Mais pour certains observateurs la situation est toutefois en voie d’amélioration. «On
constate depuis quelques semaines que les choses se clarifient peu à peu, précise
Matthieu Etourneau, le directeur général du centre français des affaires de Téhéran qui a
ouvert ses portes mi-octobre. Le feu vert donné par l’Ofac à Airbus et Boeing fin septembre
envoie un bon signal aux investisseurs. C’est un déclic psychologique. Un autre signal
positif serait de voir l’Iran sortir de la liste noire du Groupe d’action financière sur le
blanchiment des capitaux (Gafi)». Alain Wormser, le PDG de la banque Wormser Frères,
qui réalise grâce à l’Iran 7% de son chiffre d’affaires soit environ un million d’euros
abonde. «Des situations se sont débloquées chez nous depuis peu, notamment grâce à
un travail diplomatique plus soutenu».
Un contexte qui a suscité ces dernières semaines plusieurs discussions entre les autorités
américaines et françaises. «Il y a un dialogue avec le Trésor américain et l’Ofac pour les
amener à préciser leur régime de sanctions, à le rendre plus lisible et donc plus rassurant
pour le secteur bancaire», précise-t-on à Bercy. Le patron du Quai d’Orsay, Jean-Marc
Ayrault, est aussi attendu à Téhéran d’ici la fin de l’année pour faire avancer plusieurs
projets tricolores.
L’élection américaine, l’autre enjeu
«L’ouverture de l’économie iranienne est laborieuse mais elle est inexorable, observe
l’avocat d’affaires franco-iranien Ardavan Amir-Aslani, conseiller de PSA et Vinci en Iran.

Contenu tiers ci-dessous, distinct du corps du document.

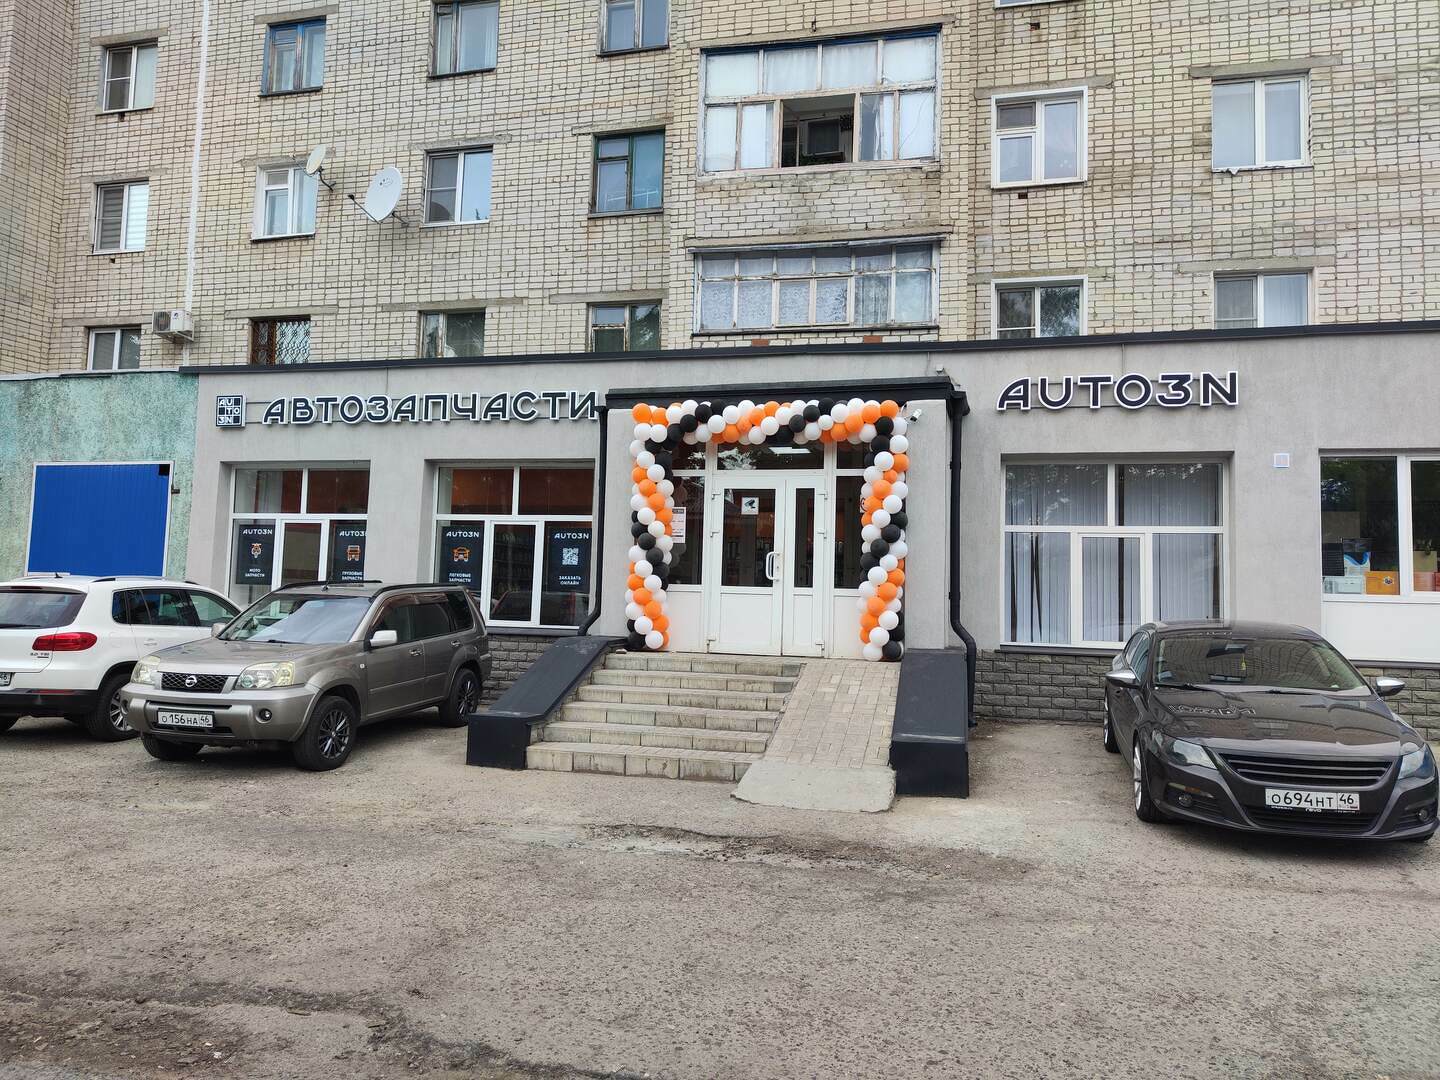 Магазин автозапчастей AUTO3N  Курск «ул. Аэродромная»

La situation s’améliore peu à peu et la volonté politique est là. Le guide suprême Ali
Khamenei a par exemple refusé que Mahmoud Ahmadinejad soit candidat à l’élection
présidentielle de mai 2017 pour ne pas revenir sur cette ouverture». Quant au président
Hassan Rohani, qui visera un deuxième mandat l’an prochain, il estime que pour moderniser
son outil industriel et relancer l’économie, son pays a besoin de 30 à 50 milliards de
dollars d’investissements étrangers par an.
L’élection américaine devrait en tout cas permettre de lever quelques doutes. «Si Donald
Trump est élu, les Américains ne vont pas amender leur position vis à vis de Téhéran,
bien au contraire, mais si c’est Hillary Clinton, les choses pourraient avancer», espère un
banquier d’affaires. Un avis que ne partage pas forcément Hassan Rohani. Le président
iranien a en effet déclaré dimanche 23 octobre qu’il n’avait aucune préférence entre la
candidate démocrate et le tonitruant milliardaire. «A l’Organisation des Nations unies, le
président d’un pays m’a demandé lequel des deux candidats je préférais. J’ai répondu:
«Est-ce que je préfère le mal au pire ou le pire au mal?».